- Born: 1923 Kuwait City, Sheikhdom of Kuwait
- Died: June 17, 1990 (aged 66–67) Kuwait City, Kuwait
- Occupation: Poet
- Known for: Wrote the lyrics of the National Anthem of Kuwait

= Ahmad Meshari Al-Adwani =

Kuwaiti poet

Ahmad Meshari al-Adwani (born 1923 — 17 June 1990) was a Kuwaiti poet and teacher who wrote the lyrics of the National Anthem of Kuwait.

==Career==
In 1938, he graduated from the Al-Mubarakiyah Secondary School, Kuwait. In 1939 he travelled to Cairo, Egypt and was admitted into the college of Arabic Language Studies at the Al-Azhar University.

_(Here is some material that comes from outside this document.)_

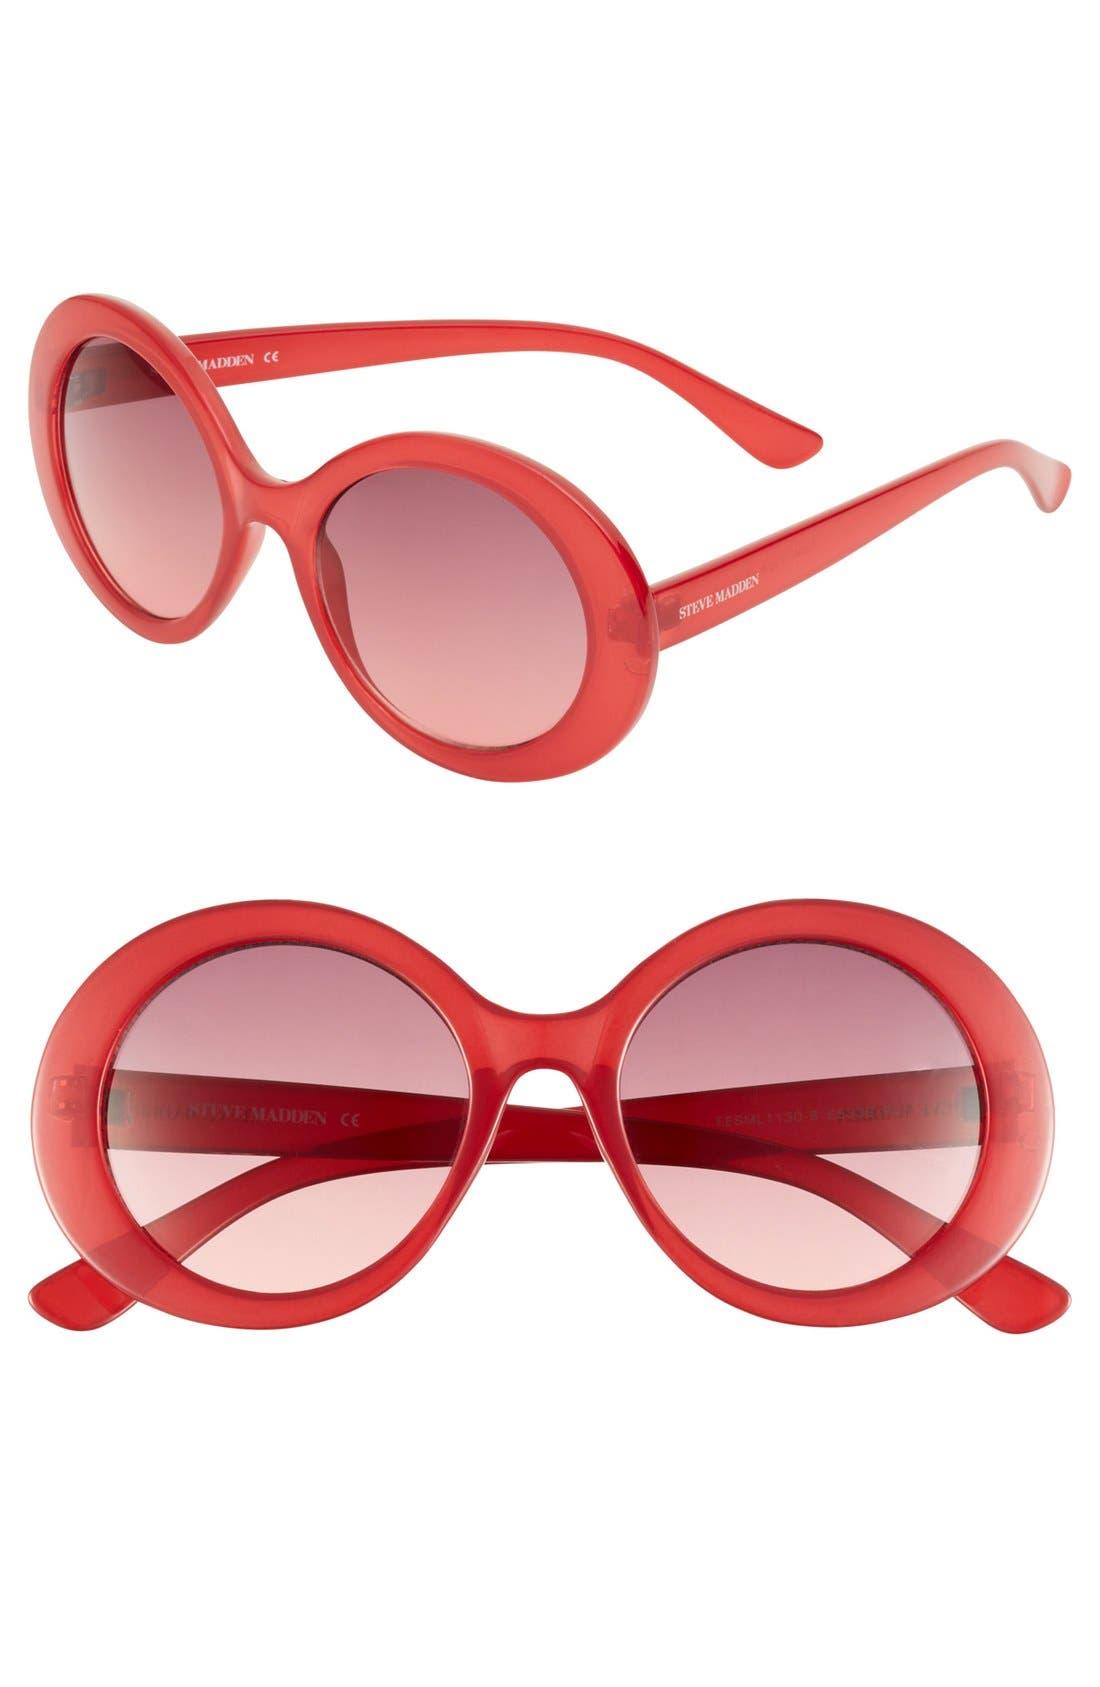 Main Image - Steve Madden Round Sunglasses

In 1949 he graduated from the Al-Azhar University. In 1950 Al-Adwani established the monthly magazine Al-Be'thah in Cairo, with his friend and companion, Dr. Abdulaziz Hussein. Due to lack of funding, however, the magazine was stopped after only three issues. In 1952 he helped establish the "Al-Ra'ed" magazine, published by the Kuwait Teachers Club.

==Death==
He died on 14 June 1990 at the age of 67.